Aim of the exercise:
In the material below, find the line with "Impresora Térmica de" and the line with "Kunstdruck #7: Print-ciples of FC St. Pauli". Output exactly those two lines and all lines between them, leaving out pictures.

Task material:

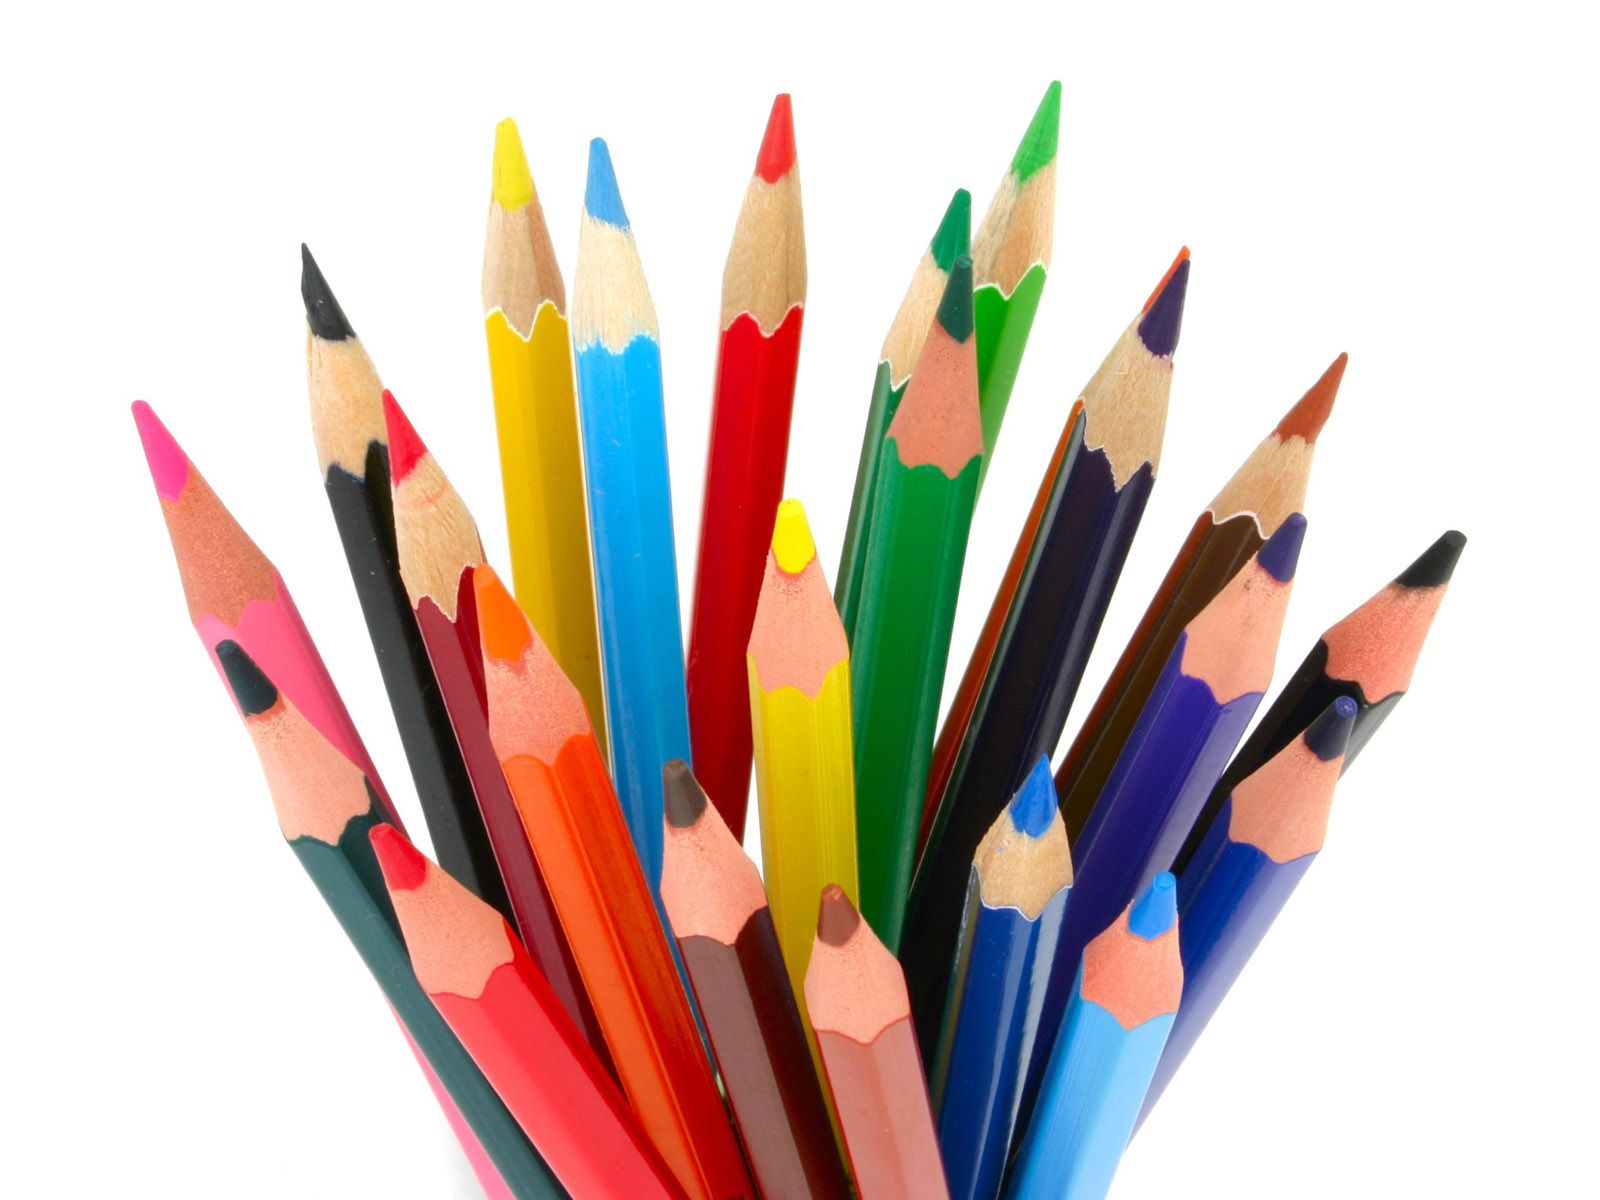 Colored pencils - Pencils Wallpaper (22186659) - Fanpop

==

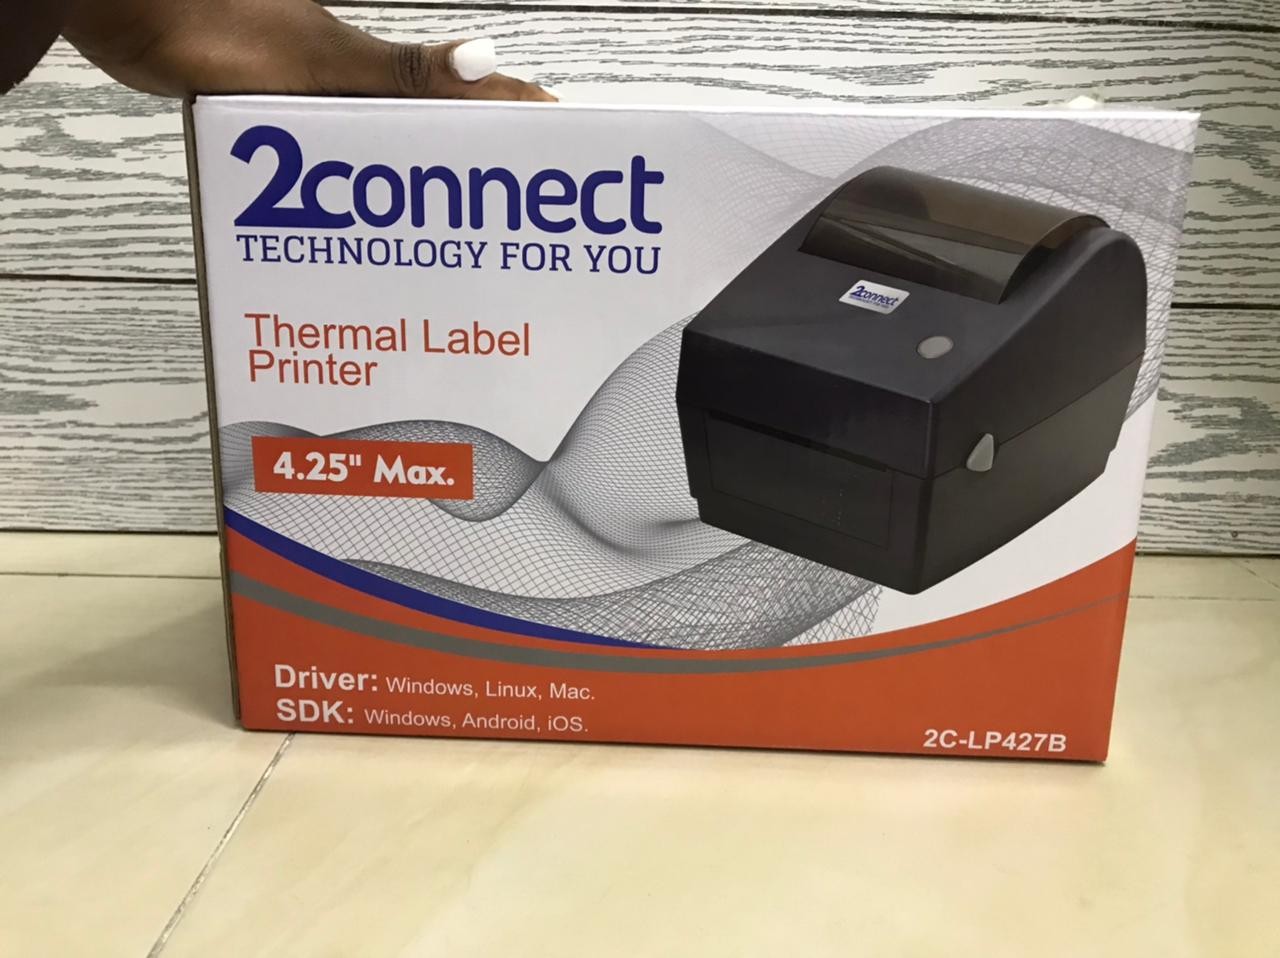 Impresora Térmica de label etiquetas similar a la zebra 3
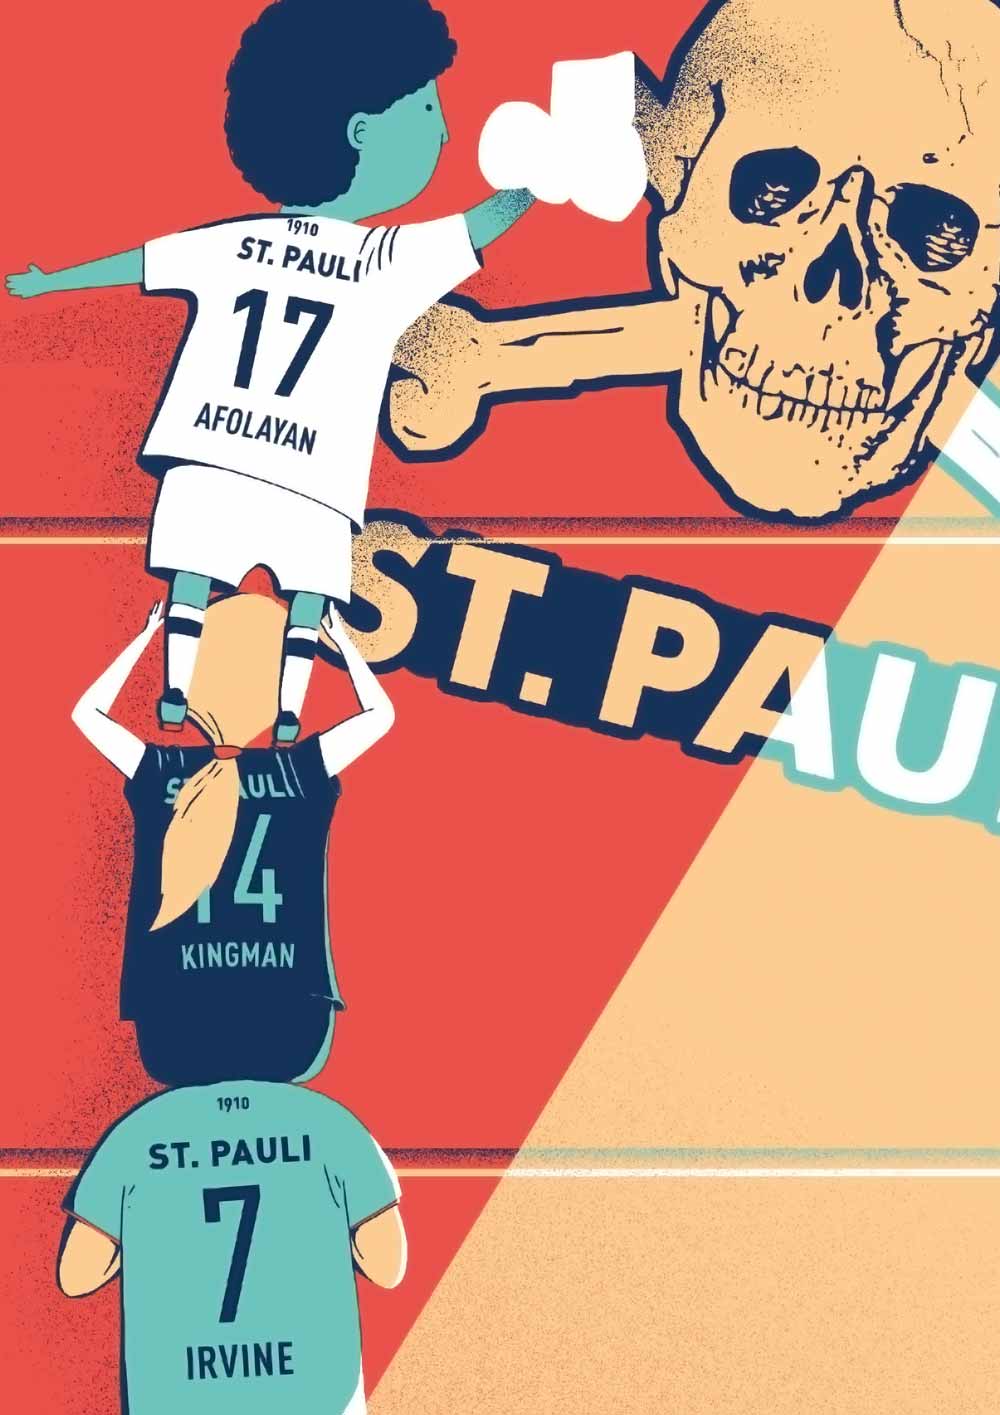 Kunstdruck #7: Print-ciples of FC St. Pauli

--

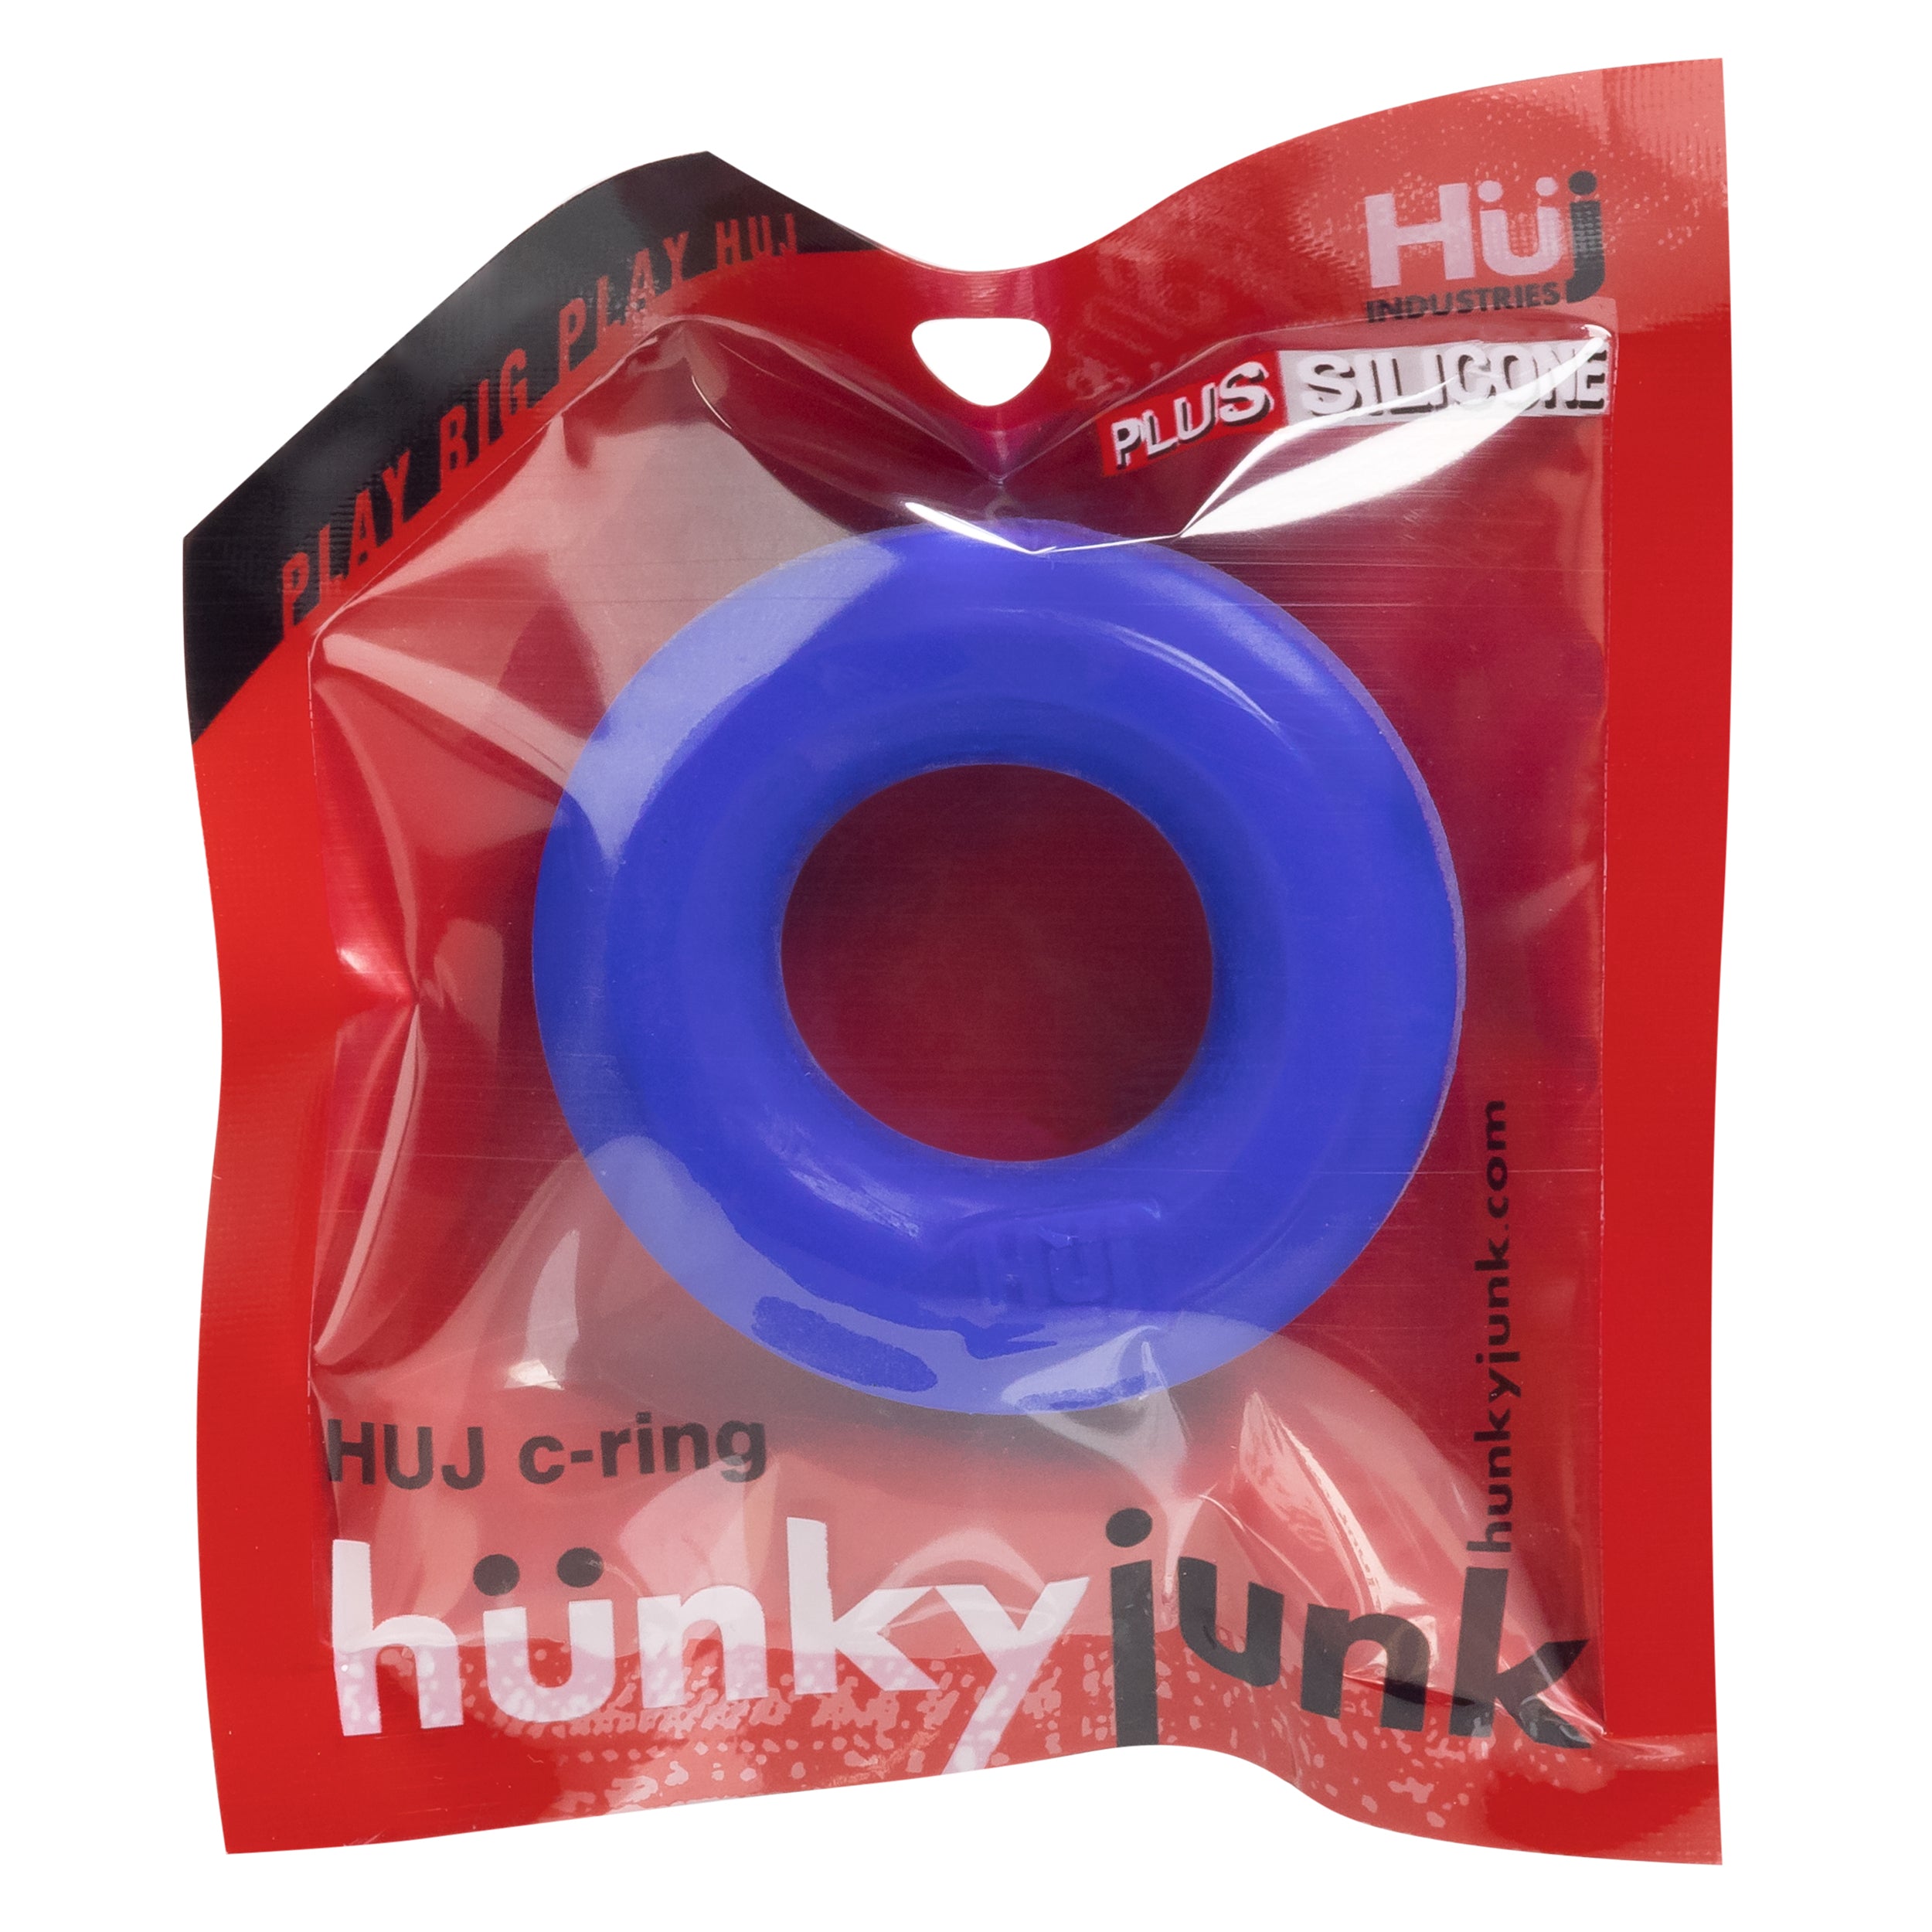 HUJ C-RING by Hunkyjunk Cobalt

Response to this task:
 Impresora Térmica de label etiquetas similar a la zebra 3
 Kunstdruck #7: Print-ciples of FC St. Pauli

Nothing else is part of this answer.